Mellingen war demnach ursprünglich ein Zugehörigkeitsbegriff zu einem Personenverband und wurde erst später zu einem Siedlungsnamen. Mellingen erfährt daher laut Zehnder folgende Deutung: «bei den Leuten des Mello». Der bedeutende Ortsnamenforscher Bruno Boesch hat darauf hingewiesen, dass Mello eine Kurzform der Personengruppe der «Madal-» ist, die bei der
Ortsnamengebung eine wichtige Rolle spielten.
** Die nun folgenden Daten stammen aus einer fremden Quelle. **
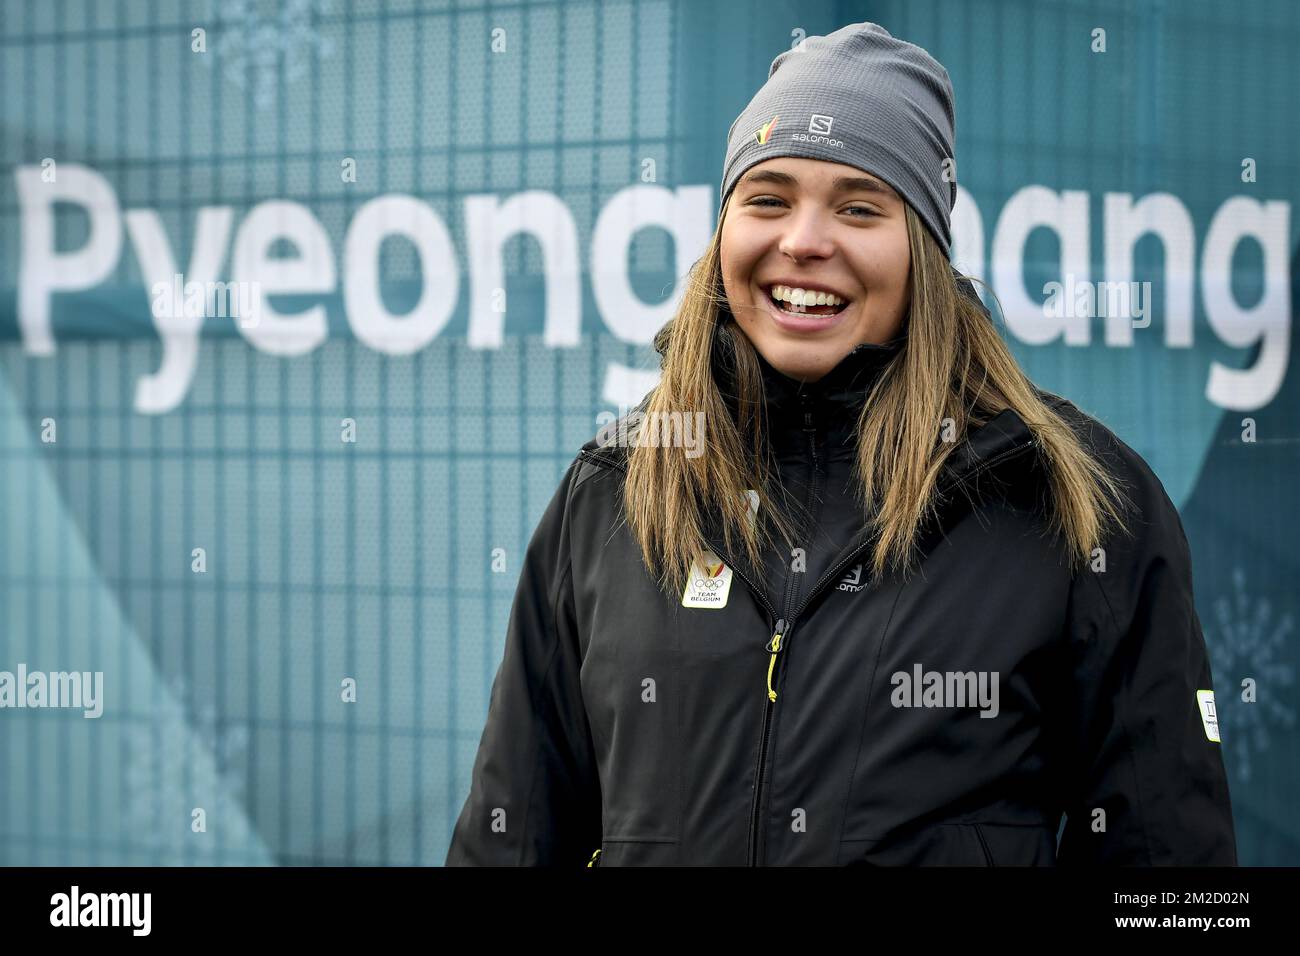 Belgian skier Kim Vanreusel pictured during a press meeting at the XXIII Olympic Winter Games, Saturday 10 February 2018, in Pyeongchang, South Korea. The Winter Olympics are taking place from 9 February to 25 February in Pyeongchang County, South Korea. BELGA PHOTO DIRK WAEM Stock Photo

So wird im Aargau das im Rheintal gelegene, etwas später entstandene Mellikon ebenfalls auf Mello zurückgeführt.

Aufgrund der Endsilben eines alemannischen Ortsnamens kann man in den meisten Fällen die ungefähre Entstehungszeit einer Siedlung bestimmen. So gehören die -ingen- Namen neben jenen mit der Endung -heim und -dorf zu den ältesten alemannischen Namensformen, d.h. man kann annehmen, dass die meisten dieser Dörfer im 5. oder 6. Jahrhundert, in der ältesten alemannischen Siedlungsphase, entstanden sind. Ortschaften mit den Endungen -ikon, -statt,
-husen, -feld und -bach sind der ersten alemannischen Ausbauphase im 6. bis 8. Jahrhundert und solche mit -wil und -au der zweiten alemannischen Ausbauphase im 8. bis 11. Jahrhundert zuzuweisen. Man darf also mit ziemlicher Sicherheit annehmen, Mellingen sei im 6. Jahrhundert, also nach 500 n. Chr. vom Familienverband des Mello als ständiger Siedlungsplatz gewählt worden. Die 22 politisch eigenständigen Gemeinden auf Aargauerboden, deren Namen auf -ingen enden, erscheinen schwergewichtig im Nordosten des Kantons und behaupten die Räume zwischen Aare und Rhein und zwischen Aare, Limmat und Rhein sowie zwischen Reuss, Bünz und Aabach. Mellingen ist übrigens der einzige -ingen- Ort, der im aargauischen Reusstal zu einer eigenständigen politischen Gemeinde wurde.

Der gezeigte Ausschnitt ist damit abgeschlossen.